Eliza Byard on LGBT Bullying and Prevention

 

Eliza Byard is the Executive Director of GLSEN.


Transcription: 

"At the core of this case, is a situation involving a girlfriend and a boyfriend breaking up, right? The preoccupation of 6th and 7th graders with heterosexual relationships and the relationships between boys and girls is a painful fact of life for student who in the middle grades may be coming to terms with their own emerging sexuality. What we know in terms of bullying, violence, and harassment is that the middle grades are actually severely more violent for any student that does come out in 6th 7th 8th grade than high schools really proportionately. Nearly 40% of out middle school students report physical assault. In the high school grades, it’s closer to 20% of the total sample. So the experience in middle school of these questions of emerging sexuality and the violence of the direct response is much more pronounced.

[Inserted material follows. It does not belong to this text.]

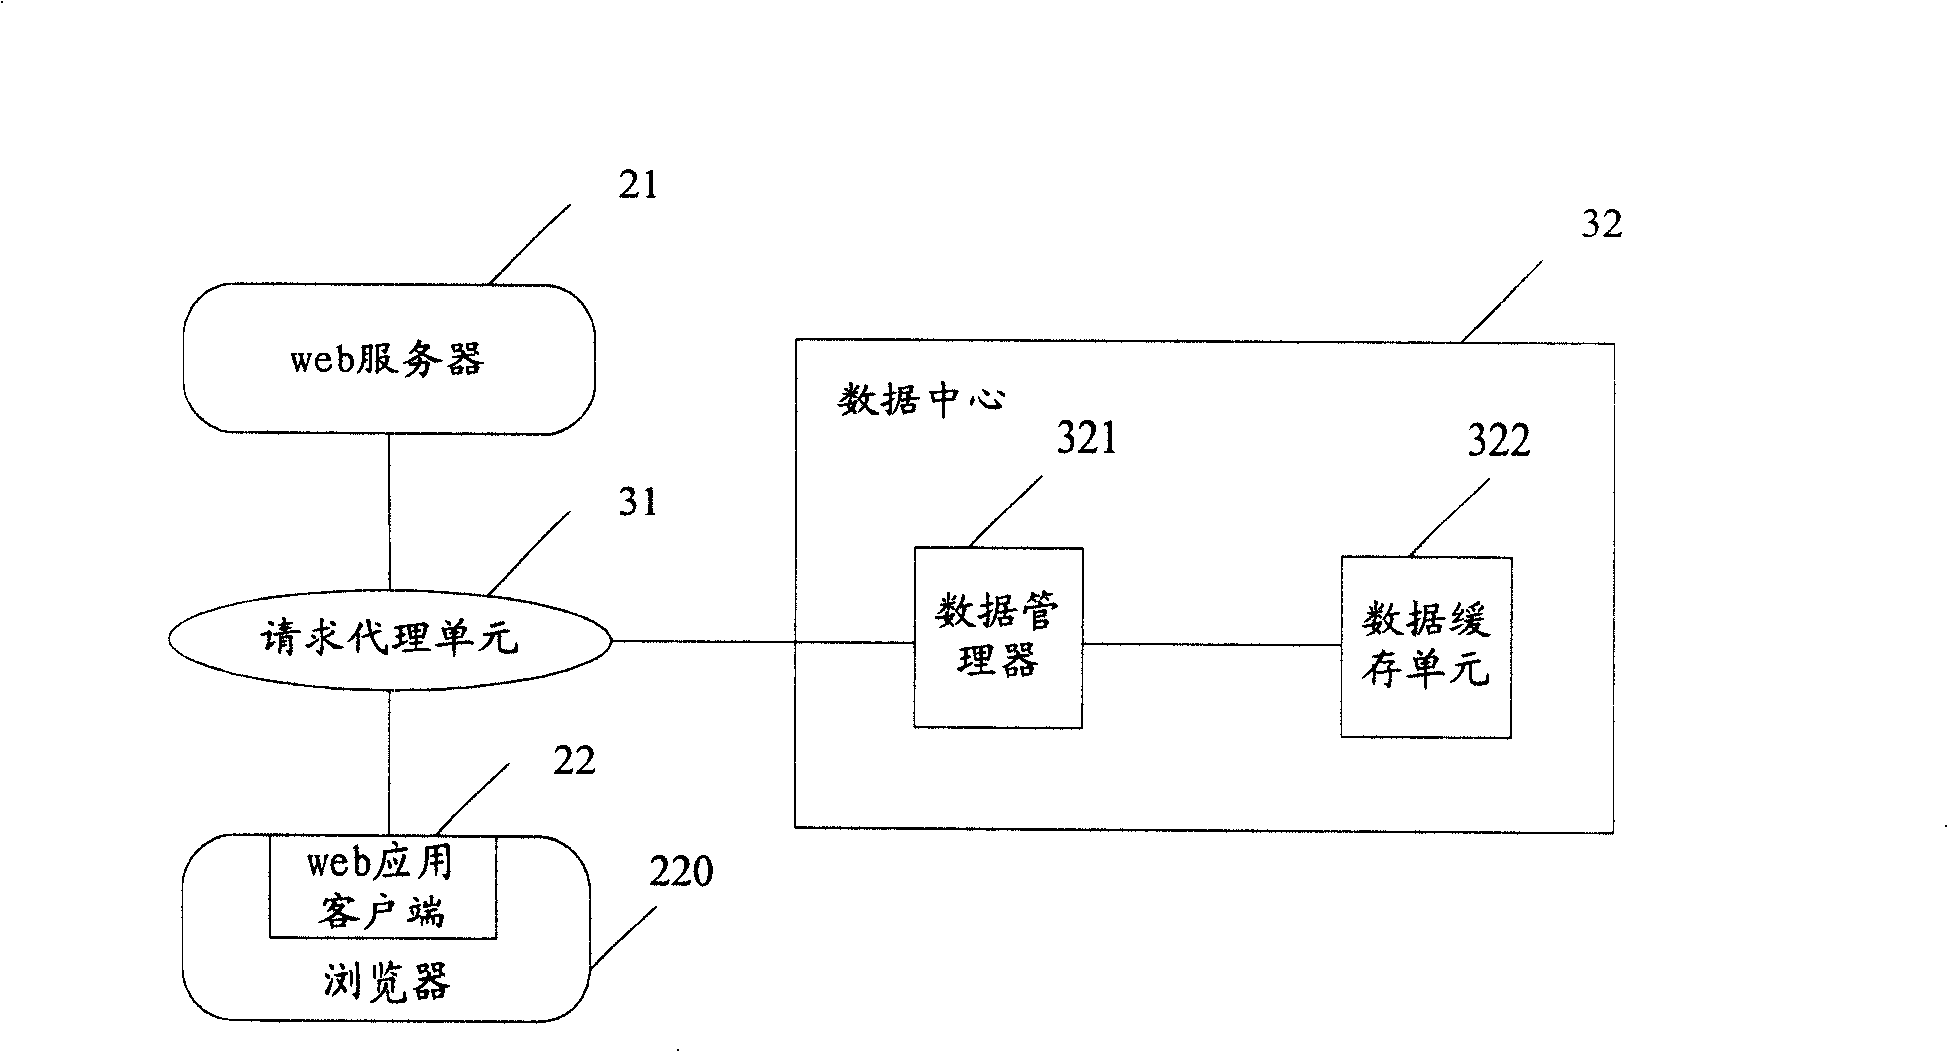 Web applied system and method
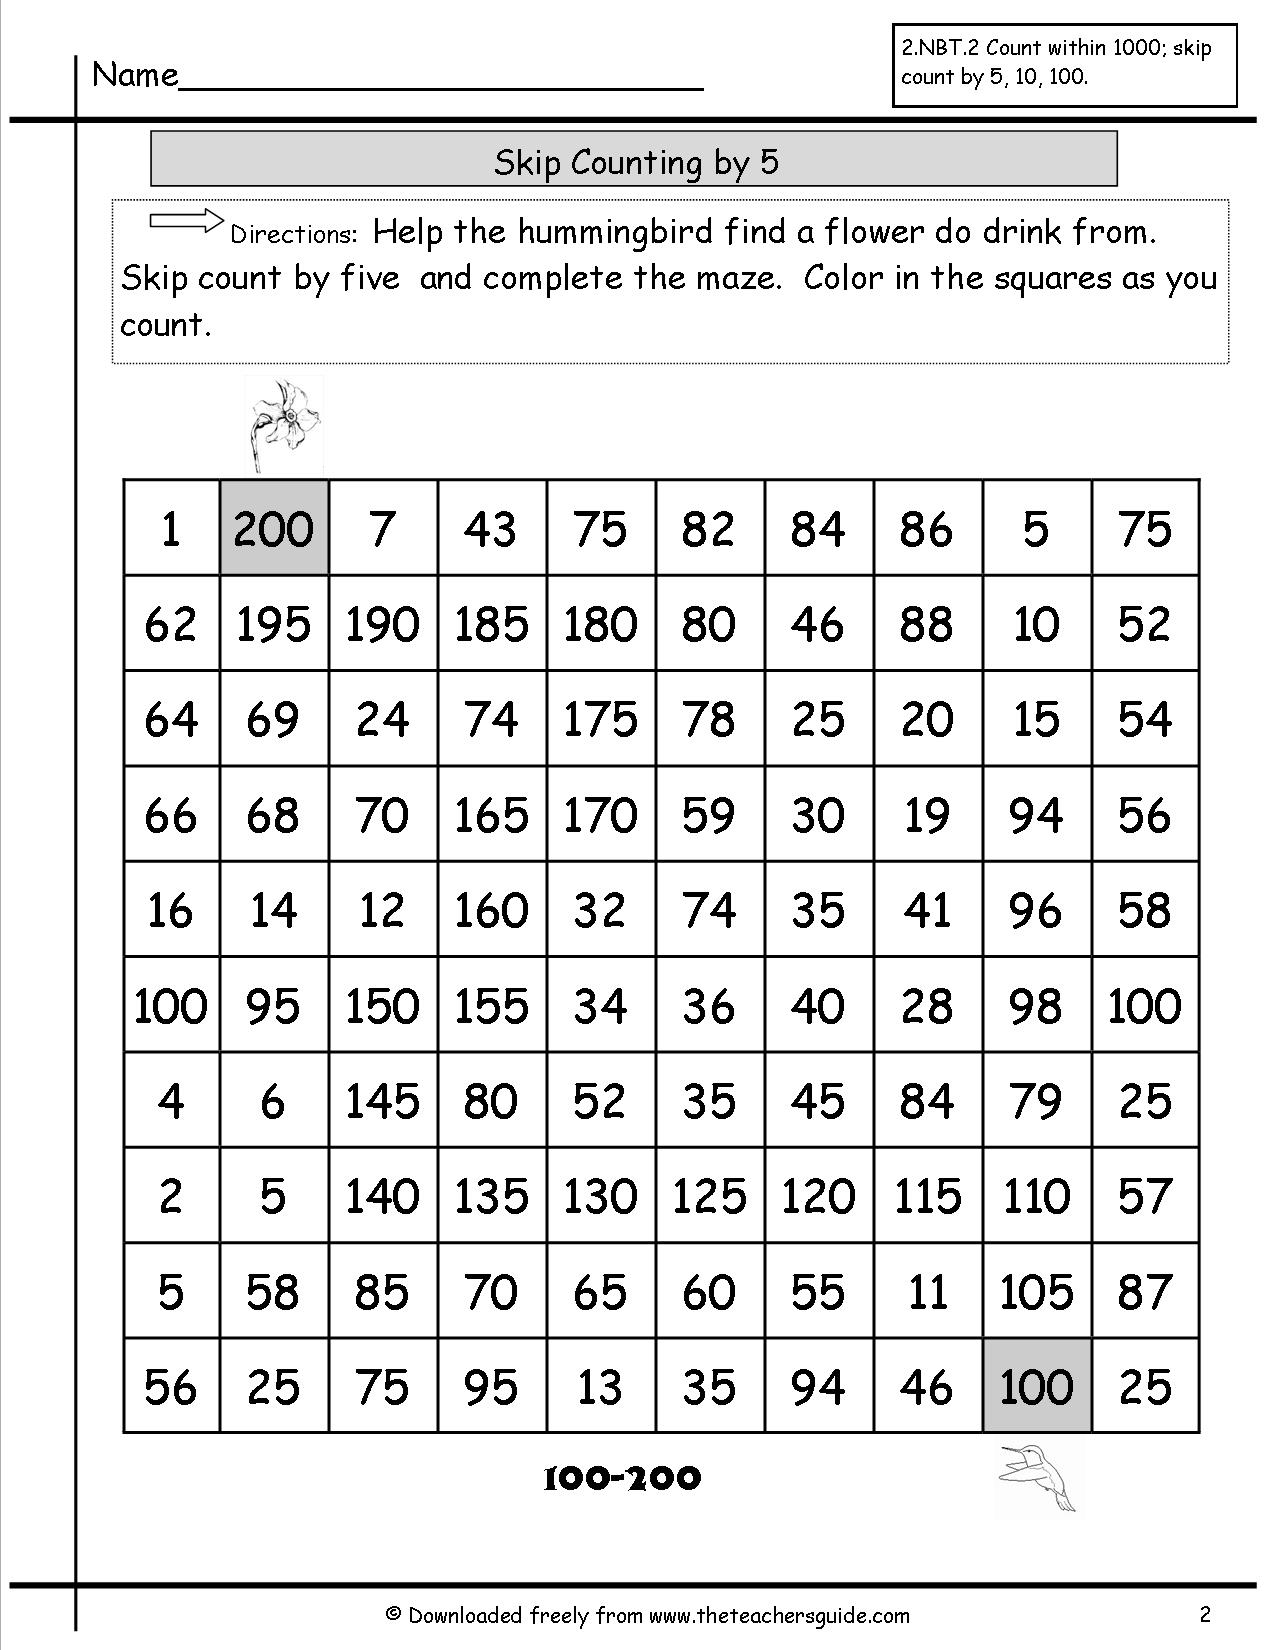 Skip Counting by 5 to 100 Worksheets Image

When you’re dealing with issues of bias and prejudice that complicate adult responses to these situations, it’s critical to remember that we live in a country where 8 states still have restrictions on how teachers can talk about homosexuality – if at all – in their classrooms. There are local school districts that have policies that prohibit positive discussions of homosexuality in public schools, whatever’s meant by that. So we know that that communicates very powerfully to students already, a sense of a group of people who are outside the community dynamics. You can’t even talk about lesbian and gay people, transgender and bisexual people in the classroom even though, those people are part of every school community, part of our history, and that kind of exclusionary language, is key to how young people hurt each other and exert power over one another. So it is absolutely critical that adults be able to examine their own thinking and that the reality of the presence of lesbians, gay men, bisexuals, and transgender people in our history, and in our current life, be part of what students learn about, just as they learn about other communities contributions to the life of this country. It is simply dishonest and untrue and tremendously damaging to young people to try to pretend that LGBT don’t exist and they aren’t part of the fabric of our society.

Over the last ten years, GLSTN has conducted research to try identify and understand school based interventions that correlate with better outcomes for students – higher academic achievement, better individual well being. And, simply said there are four of them: having specific bullying prevention, protections that specifically name LGBT students as among the protected classes having – being able to identify supportive faculty and school staff, the presence of a gay-straight alliance and the presence of curricular materials that accurately and appropriately portray LGBT history and events as part of the fabric of life that’s in the classroom. And there is clearly something very powerful about that representation that actually leads to an LGBT student feeling more connected at school, being more likely to plan to graduate and go on to college. Being ostracized and isolated is among the most damaging experiences that any student can go through. That is the core damage at the heart of the bullying victim’s experience – how must it feel then, think of this at the level of an entire sector of our society – an entire sector of so many different communities in our society, that’s being held outside of the common, legal protections, social acceptance, and simple life of the rest of our society."